I'm practicing my proof-writing and was hoping you could let me know if this proof looks good. I would like to know if the proof is incorrect, if there are parts that are overly wordy/complicated, or if I'm missing some element of a proof that is helpful to see, if not strictly necessary.
The Prompt:
Prove that any intersection or finite union of closed sets is closed.
My Proof:
(Intersection)
Let A = ⋂F where F is a family of n closed sets F = {X1,…,Xn}. Let (xm) be a convergent sequence completely contained in A. This means that (xm) is also completely contained in Xk for all sets in F, and since each set is closed, lim(xm) is an element of every set in F. Since lim(xm) is an element of every set of F, it is also an element of A. Thus any convergent sequence completely contained in an intersection of closed sets also has its limit contained in that intersection. So any intersection of closed sets is closed.
(Finite Union)
Now let B = UF, and let (xm) be a convergent sequence completely contained in B. Since (xm) is convergent, it is Cauchy and thus any neighborhood around lim (xm) will contain all but finitely many elements of (xm). Since (xm) is contained in UF, there must then be some Xj∈F which contains all but finitely many elements of (xm)*. Define (ym) as a subsequence of (xm) which only contains values contained in Xj. We can see that (ym) is a convergent sequence contained in Xj, and since Xj is closed, lim(ym)∈Xj. The limit of (xm) is the same as the limit of any of its convergent subsequences, so lim(xm)∈Xj and thus lim(xm)∈B. Thus, any convergent sequence in a union of closed sets has its limit contained in that union of closed sets, so a finite union of closed sets is closed.
*The part in bold seems a little hand-wavy to me. Is that justification enough, or is there some step I am missing?
Best Answer
The first proof is great - no problems there! For the second proof, you have the right idea, but the bold statement does require proof. Luckily it's true because of the Pigeonhole Principle.

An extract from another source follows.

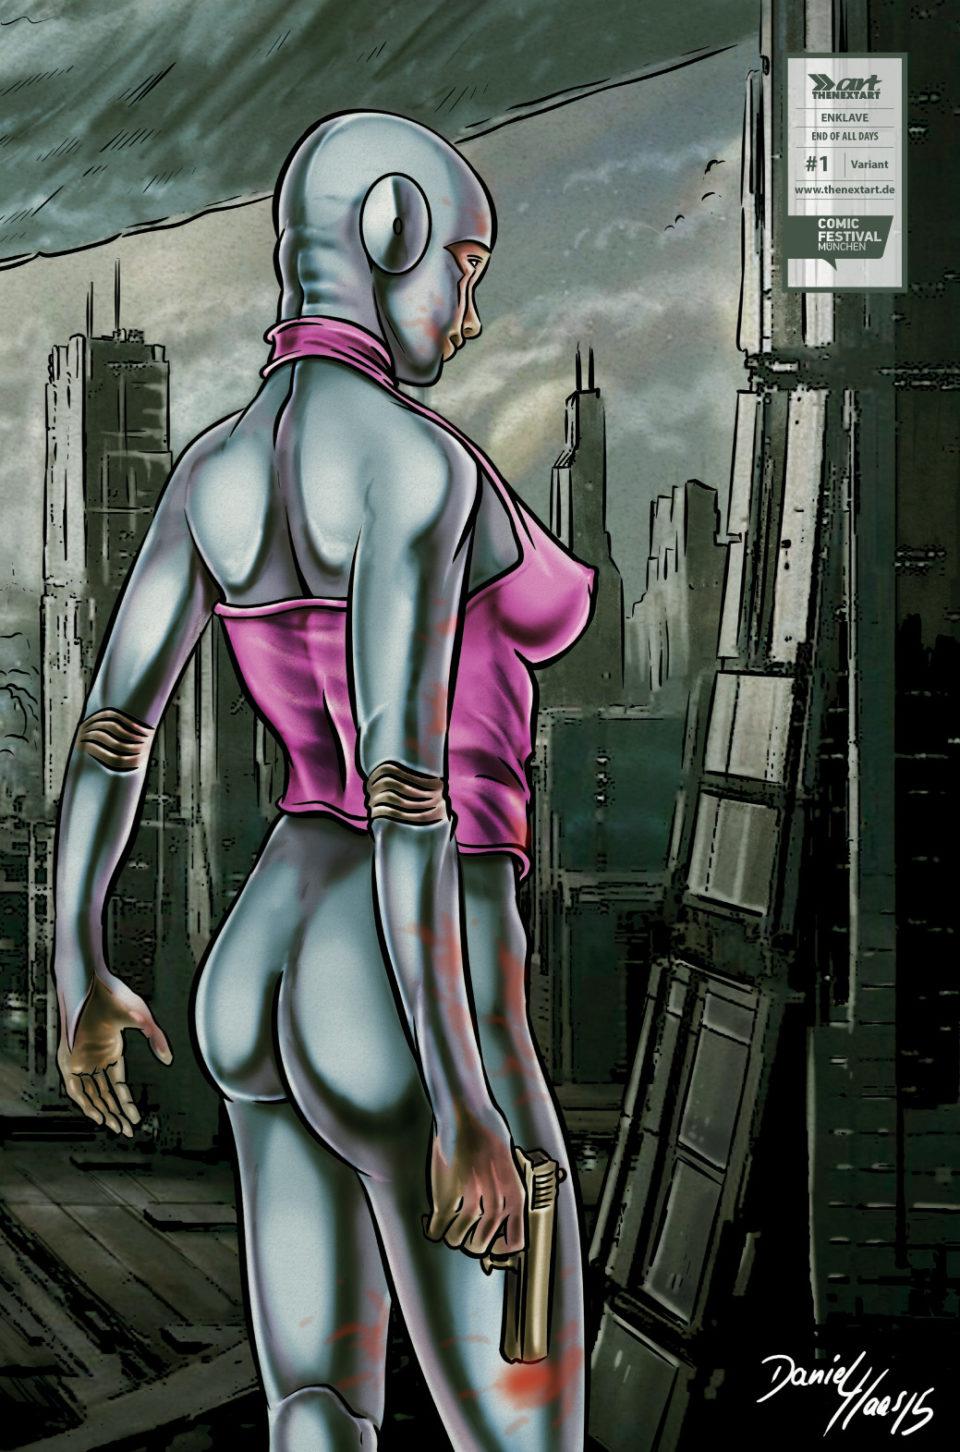 Sascha Dörp Comic Cabin Enklave - End of all Days 1 Variant Cover Daniel Haas

Colloquially, "if you stuff infinitely many pigeons into finitely many holes, at least one hole will have infinitely many pigeons." More formally, suppose $B = \cup \, X_i$, where each $X_i$ is closed. By definition, the sequence $\{x_m\}$ has infinitely many terms, so at least one $X_i$ -- without loss of generality, call it $X_1$ -- must contain infinitely many terms of the sequence. In other words, $X_1$ contains a sub-sequence.
Then as you did, you can use the fact that $X_1$ is closed to show that $\lim x_m$ is contained in $X_1$, and thus contained in $B$. Hope that helps!